Torre wasn’t a self-styled tactician like the Cardinals’ Tony La Russa or a charismatic emotional leader like Ozzie Guillen of the White Sox, but rather a quiet and steady middle manager of a successful global corporation.
Before the Yankees hired Torre prior to the 1996 season, the club had only one playoff appearance since 1981 and had seen 14 managerial changes over that same time. The Yankees were an expensive, disorganized mess. But within one season, he quietly shaped what remained of that mess into a businesslike machine of winning, beating the Atlanta Braves in six games in the 1996 World Series, the Yankees’ 23rd championship.
As the Yankees racked up more titles over the ensuing years, the club also came to represent what was happening in the city at the time as Giuliani worked to reshape the crime-ridden image of the 1980s into one of middle class corporate prosperity. At the center of that connection between the Yankees and that middle class vision for the city was Torre, the quiet and hard working son of a cop from Marine Park, Brooklyn.
If there is an enduring image of Torre, it is of him in the Yankees dugout on an October night in the Bronx, sitting silently in the dugout with a stern look, navy satin jacket with white script “Yankees” snapped all the way up, large stiff-crowned New Era 59/50 sitting just slightly higher than normal on his head — a look often replicated around Yankee Stadium by the upper middle class Upper East Side set.

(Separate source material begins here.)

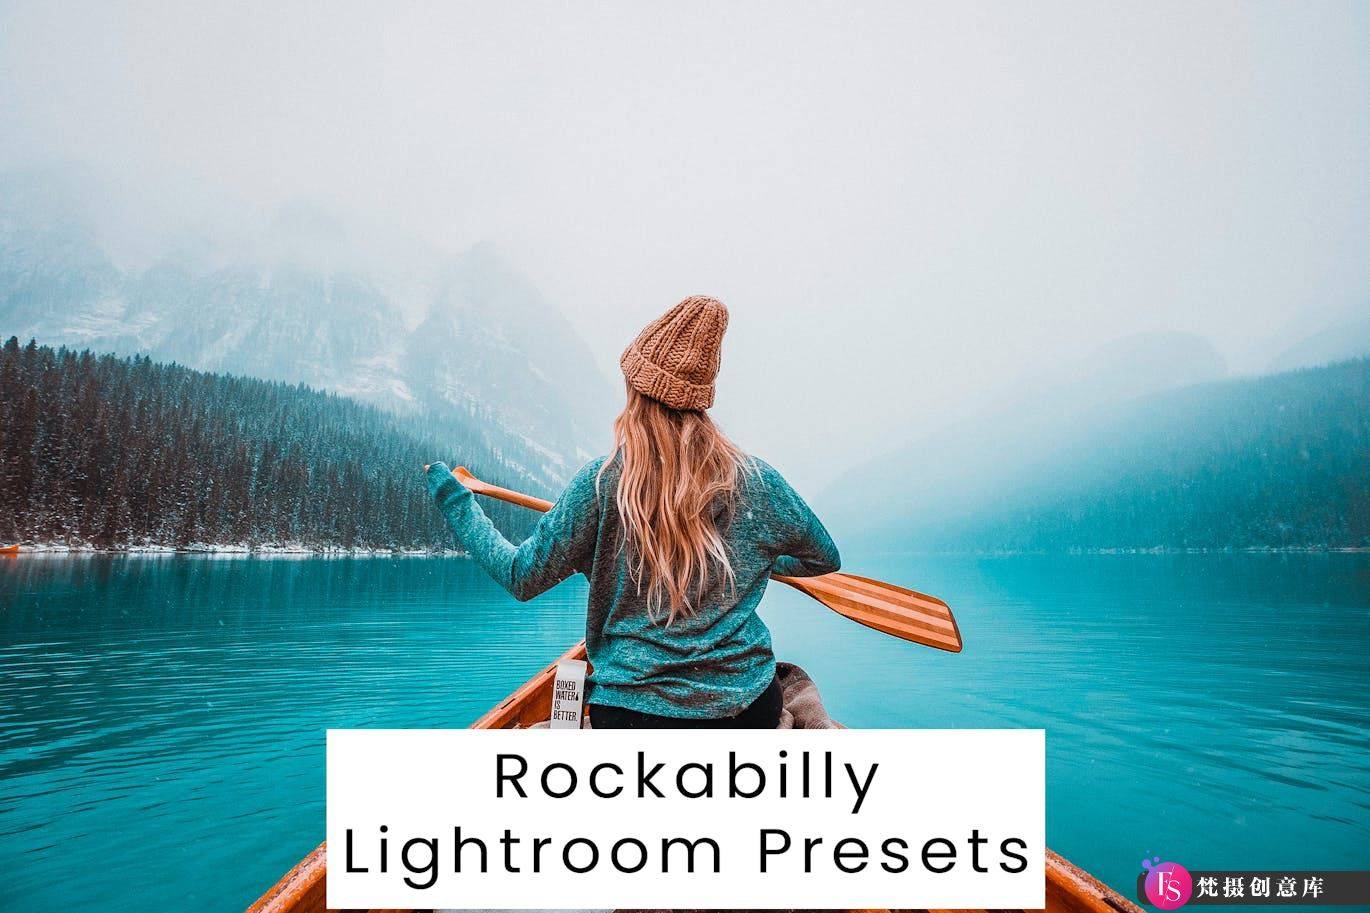 旅拍蓝调电影胶片Lightroom预设 Rockabilly Lightroom Presets-梵摄创意库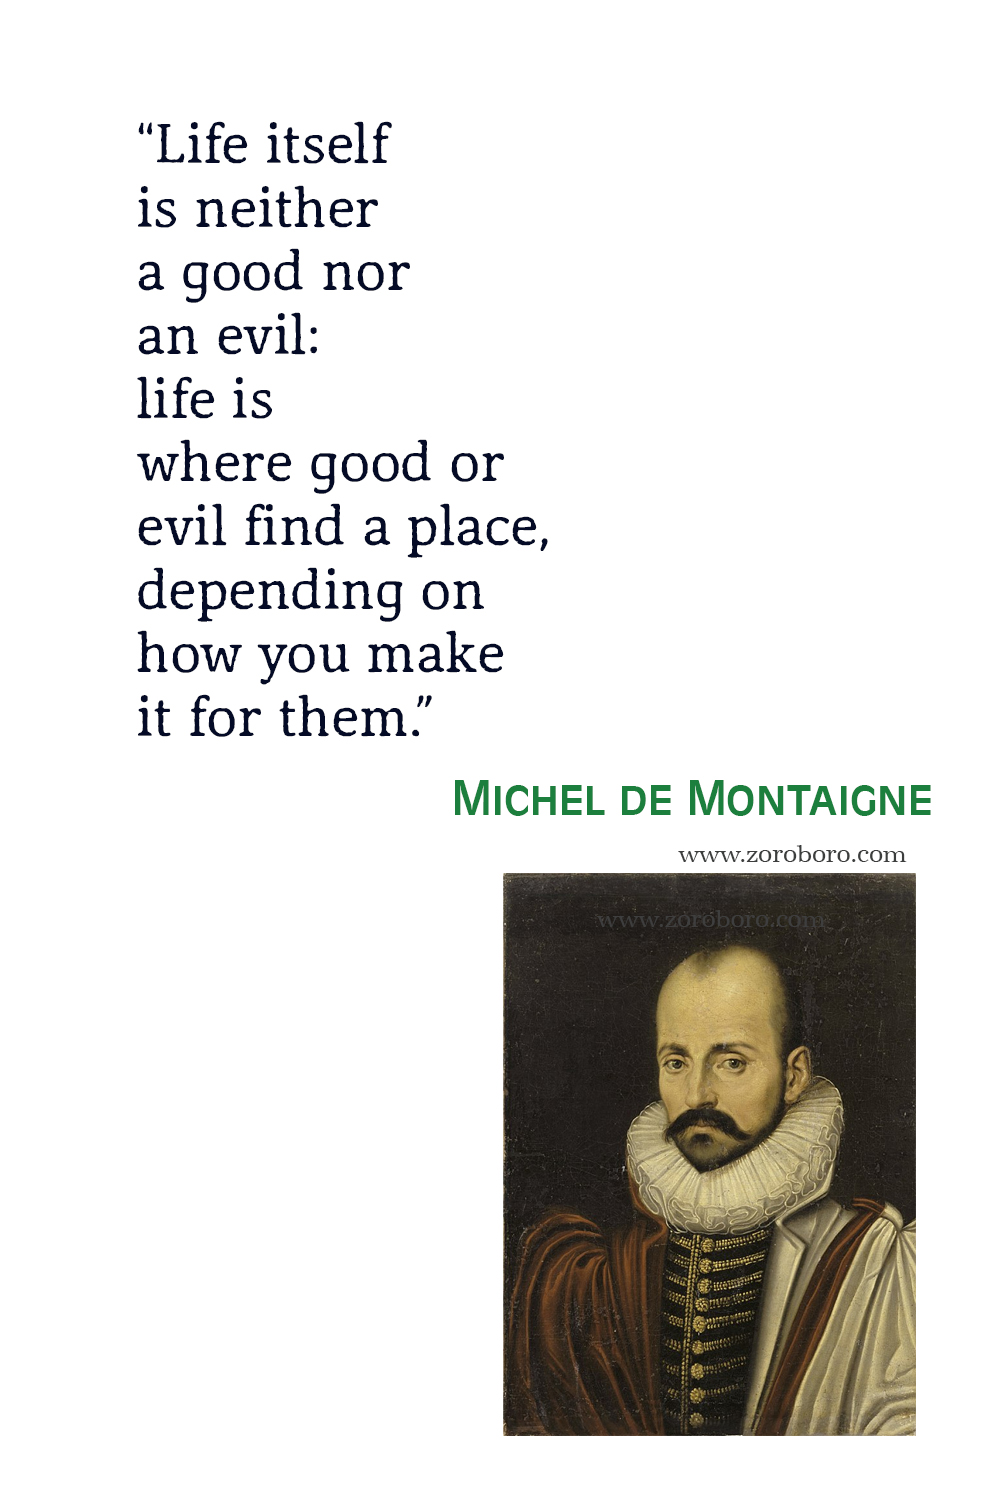 Michel de Montaigne Quotes, Michel de Montaigne Poems, Michel de Montaigne Poetry, Michel de Montaigne Books Quotes

While most baseball managers look rather silly wearing the on-field uniform, Torre always made his uniform feel like a corporate suit.
To see Torre in the dugout, you could just as easily imagine him wearing his pinstripes while sitting at the counter of an uptown diner, reading the sports section of the Daily News, then quietly setting off on the 4 train with the rest of the commuters to lead one of the best teams in the history of baseball to yet another championship.